“Cold” spark plugs normally have a short heat flow path. This results in a very quick rate of heat transfer. Additionally, the short insulator nose found on cold spark plugs has a small surface area, which does not allow for a massive amount of heat absorption.
On the other hand, “hot” spark plugs feature a longer insulator nose as well as a longer heat transfer path. This results in a much slower rate of heat transfer to the surrounding cylinder head (and consequently, the water jacket).
The heat range of the spark plug must be carefully selected in order to create optimal thermal performance. If the heat range is not correct, you can expect serious trouble. Typically, the appropriate firing end temperature is (approximately) 900-1,450 degrees. Below 900 degrees, carbon fouling is possible. Above it, overheating becomes an issue.

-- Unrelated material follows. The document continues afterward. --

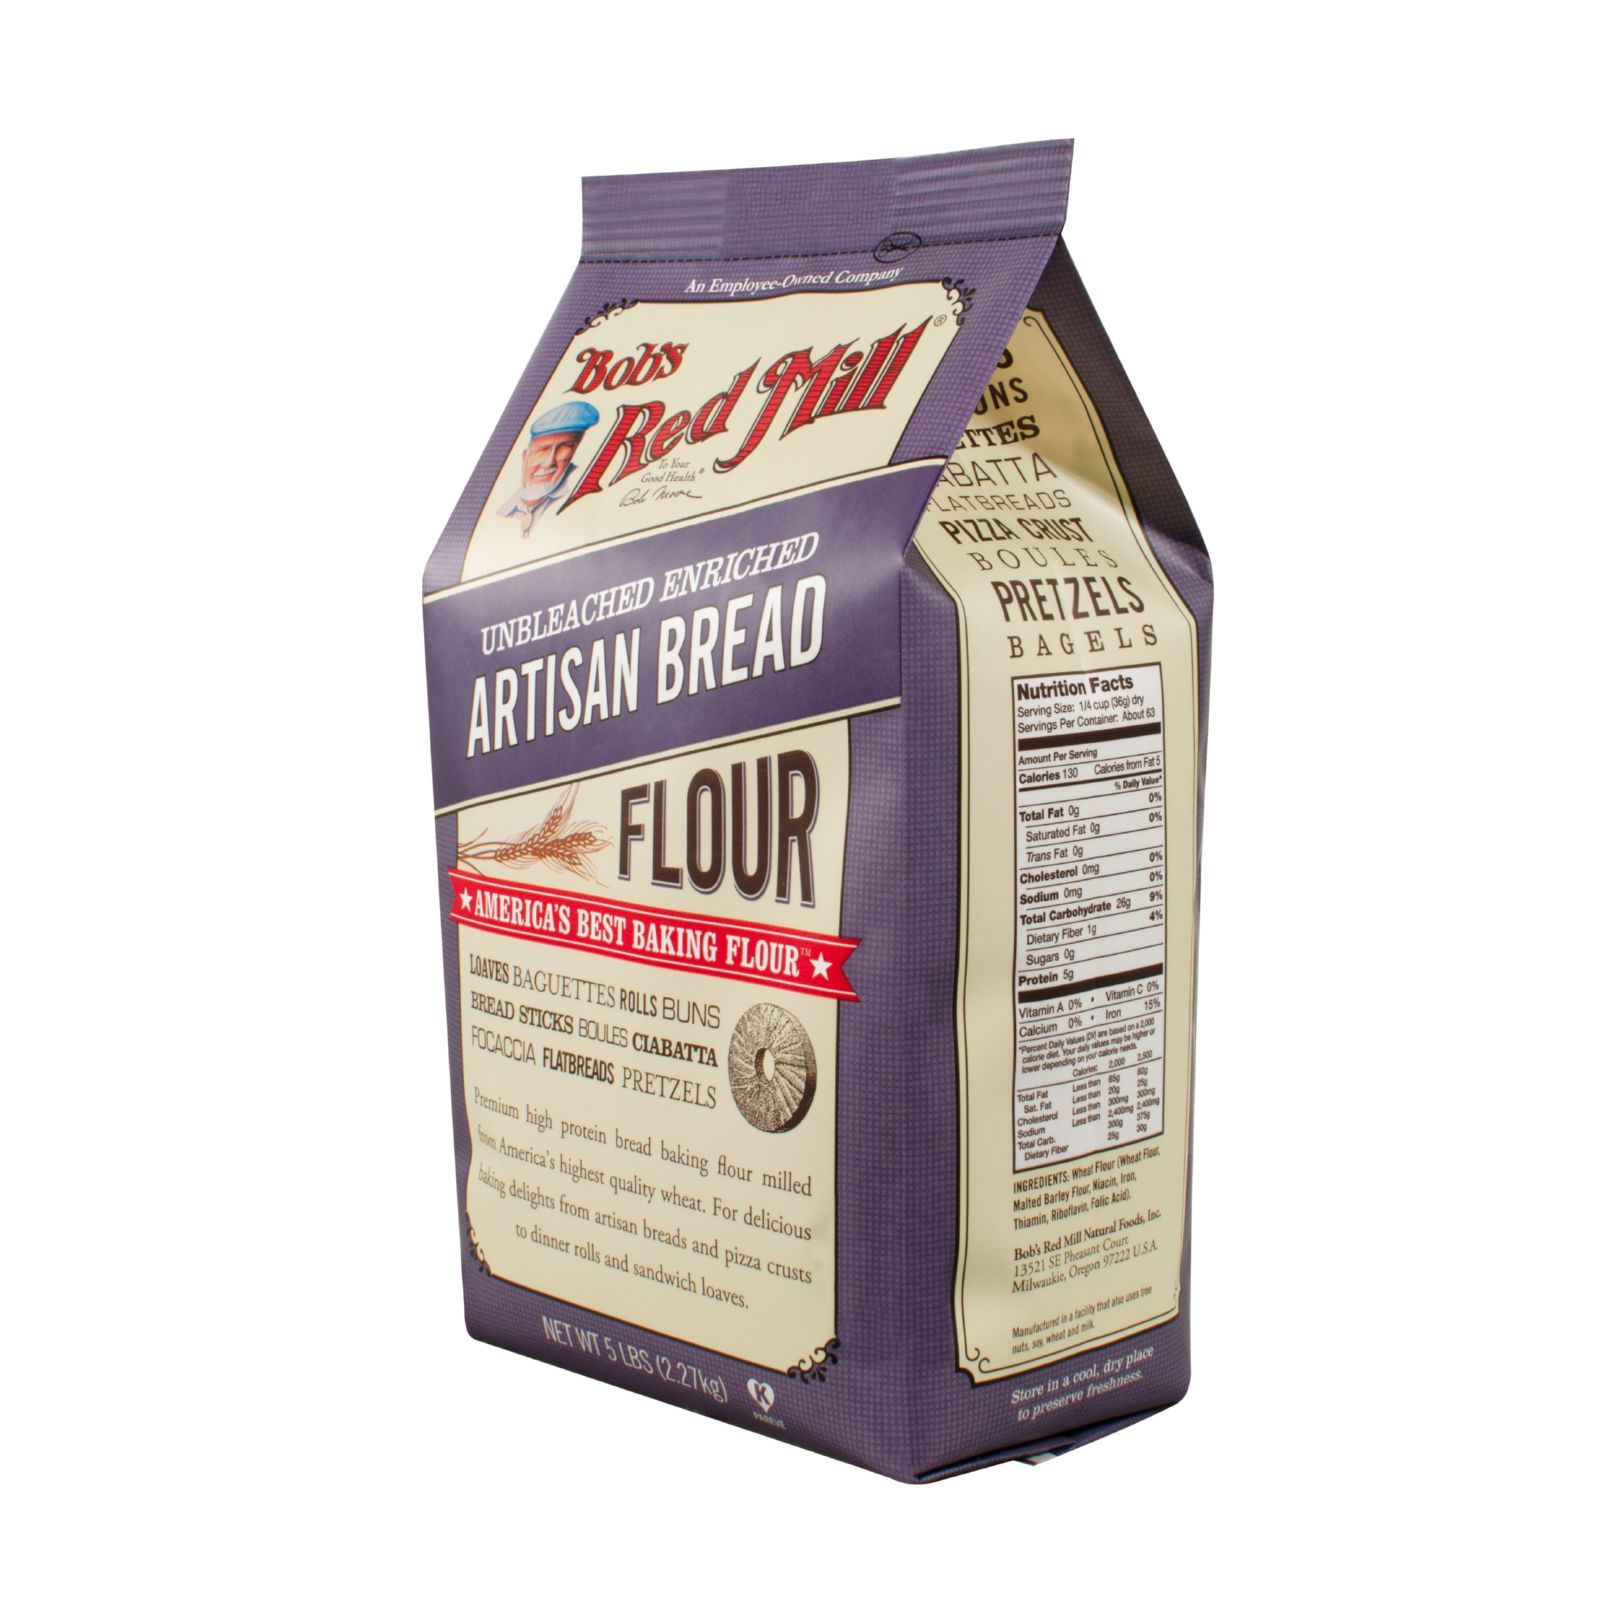 Bob's Red Mill Artisan Bread Flour - 5 lb - Case of 4

Spark plug voltage rise In terms of operation, the spark plug is connected to the high voltage generated by an ignition coil (by way of a conventional distributor or by way of an electronic means). As electricity flows from the coil, a voltage difference develops between the center electrode and ground electrode on the spark plug.
Because of the spark plug “gap,” coupled with the air/fuel mixture (which acts as an insulator) within the gap, the spark plug cannot immediately fire.
As the voltage rise increases to approximately 20,000 volts, the gap within the spark plug can be “breached” and it fires. With a spark plug removed from the cylinder head and properly grounded to fire, you can hear a definitive click. If conditions are dark enough, you can see the spark.
The click you hear is essentially a miniature clap of thunder, and the spark you observe is similar to a miniature form of lightning.
Within the combustion chamber, the intense heat created by the spark plug creates a small fireball within the gap. The fireball or combustion “kernel” expands and the cylinder (at least in theory) experiences complete combustion.